§ **Recorded data**
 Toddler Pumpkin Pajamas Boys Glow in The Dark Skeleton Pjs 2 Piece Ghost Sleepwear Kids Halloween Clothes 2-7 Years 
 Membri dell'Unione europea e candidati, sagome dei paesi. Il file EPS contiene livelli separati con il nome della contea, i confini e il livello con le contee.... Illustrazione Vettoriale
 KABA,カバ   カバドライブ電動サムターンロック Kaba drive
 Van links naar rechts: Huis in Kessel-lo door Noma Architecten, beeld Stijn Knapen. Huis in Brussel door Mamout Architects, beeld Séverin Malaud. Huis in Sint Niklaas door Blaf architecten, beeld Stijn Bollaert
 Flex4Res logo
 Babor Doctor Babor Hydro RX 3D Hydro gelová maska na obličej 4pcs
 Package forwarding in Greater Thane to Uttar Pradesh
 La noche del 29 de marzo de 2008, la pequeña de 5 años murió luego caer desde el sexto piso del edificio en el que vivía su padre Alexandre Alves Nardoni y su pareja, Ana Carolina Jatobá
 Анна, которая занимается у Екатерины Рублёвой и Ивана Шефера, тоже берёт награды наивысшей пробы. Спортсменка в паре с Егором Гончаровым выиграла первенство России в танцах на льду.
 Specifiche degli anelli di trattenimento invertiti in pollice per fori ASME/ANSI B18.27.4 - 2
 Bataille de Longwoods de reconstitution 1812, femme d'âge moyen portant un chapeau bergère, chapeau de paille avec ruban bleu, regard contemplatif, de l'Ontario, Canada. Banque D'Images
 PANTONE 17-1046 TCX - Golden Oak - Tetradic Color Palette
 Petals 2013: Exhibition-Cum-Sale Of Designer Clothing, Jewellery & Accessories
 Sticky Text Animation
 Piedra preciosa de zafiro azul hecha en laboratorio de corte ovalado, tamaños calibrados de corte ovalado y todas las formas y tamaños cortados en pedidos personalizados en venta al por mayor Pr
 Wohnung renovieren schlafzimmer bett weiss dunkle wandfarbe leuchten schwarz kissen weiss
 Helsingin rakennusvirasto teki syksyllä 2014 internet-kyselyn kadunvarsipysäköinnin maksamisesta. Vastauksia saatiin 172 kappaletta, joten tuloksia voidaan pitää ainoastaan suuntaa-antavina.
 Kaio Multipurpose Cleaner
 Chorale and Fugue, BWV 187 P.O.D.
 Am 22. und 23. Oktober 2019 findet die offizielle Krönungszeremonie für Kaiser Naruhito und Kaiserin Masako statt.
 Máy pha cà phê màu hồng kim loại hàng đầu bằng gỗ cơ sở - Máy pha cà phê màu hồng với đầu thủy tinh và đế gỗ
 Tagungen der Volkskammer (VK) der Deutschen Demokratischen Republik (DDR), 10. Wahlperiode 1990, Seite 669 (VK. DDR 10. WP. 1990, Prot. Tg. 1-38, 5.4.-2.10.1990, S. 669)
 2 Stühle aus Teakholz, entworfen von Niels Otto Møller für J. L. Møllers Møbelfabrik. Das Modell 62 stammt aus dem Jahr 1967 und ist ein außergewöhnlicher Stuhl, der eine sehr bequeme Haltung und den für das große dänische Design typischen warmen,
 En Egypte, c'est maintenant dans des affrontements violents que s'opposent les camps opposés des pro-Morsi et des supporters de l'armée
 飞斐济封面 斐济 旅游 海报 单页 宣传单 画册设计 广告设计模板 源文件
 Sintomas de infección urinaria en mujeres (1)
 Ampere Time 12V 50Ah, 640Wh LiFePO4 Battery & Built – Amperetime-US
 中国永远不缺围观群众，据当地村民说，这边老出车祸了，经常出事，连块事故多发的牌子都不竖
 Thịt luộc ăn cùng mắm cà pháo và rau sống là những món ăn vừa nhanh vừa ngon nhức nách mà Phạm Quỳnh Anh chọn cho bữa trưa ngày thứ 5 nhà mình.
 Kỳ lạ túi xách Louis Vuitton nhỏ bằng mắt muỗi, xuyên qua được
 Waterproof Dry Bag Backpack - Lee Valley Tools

§ **What you should do**
Looking at the records above, say how many of their lines include the word "bằng", with no other words.

§ **Exercise result**
2